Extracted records
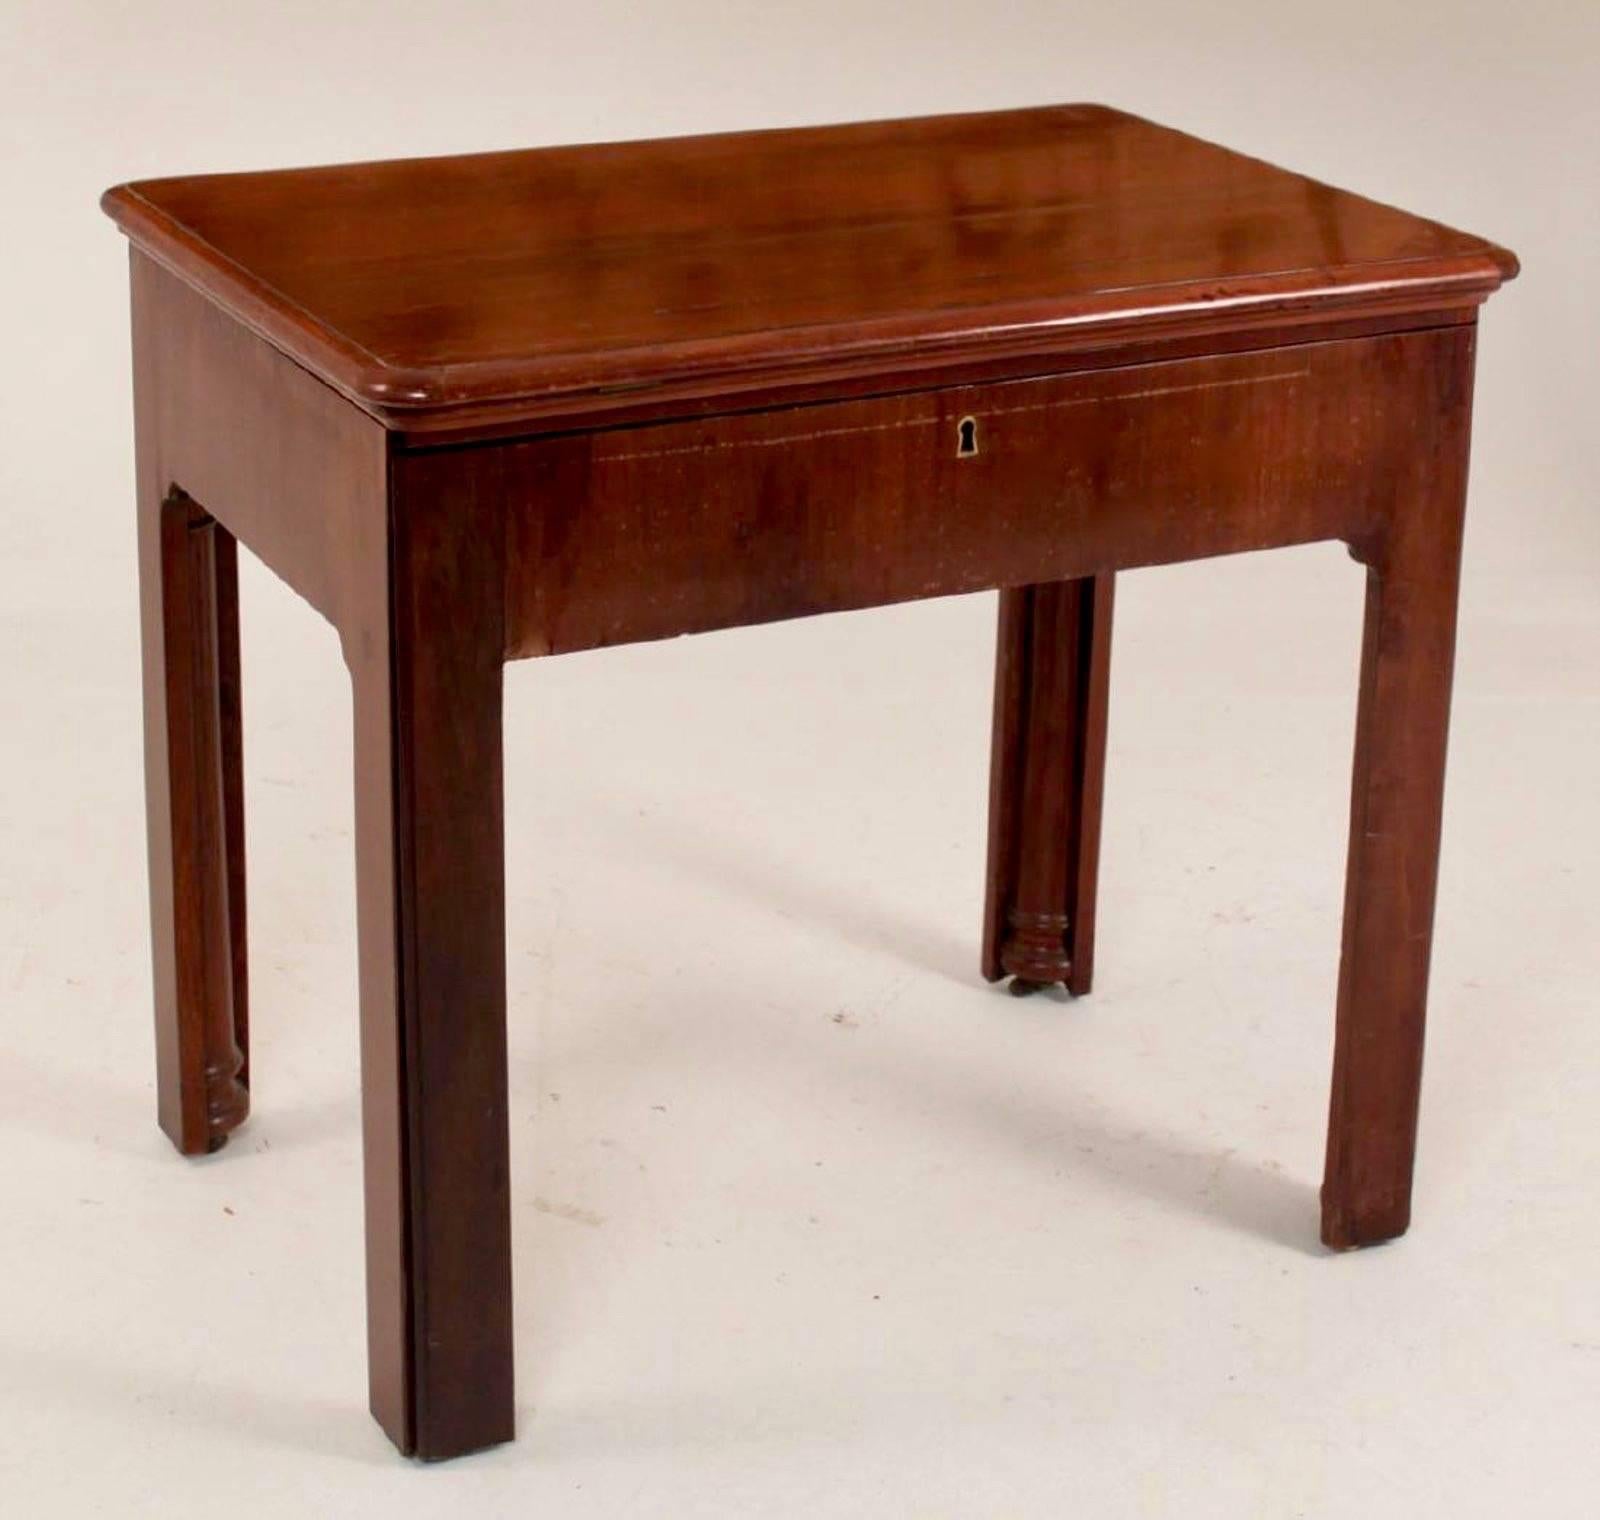 Period Georgian architect's table or desk
--Metamorphic
--Cuban mahogany
--Writing surfaces and racheted book supports
--A very well construction version.

• **PROBLEM STATEMENT**
What is needed is a verbatim copy of every entry, with the pictures omitted.

• **OUTPUT FOR THIS TASK**
 Period Georgian architect's table or desk
--Metamorphic
--Cuban mahogany
--Writing surfaces and racheted book supports
--A very well construction version.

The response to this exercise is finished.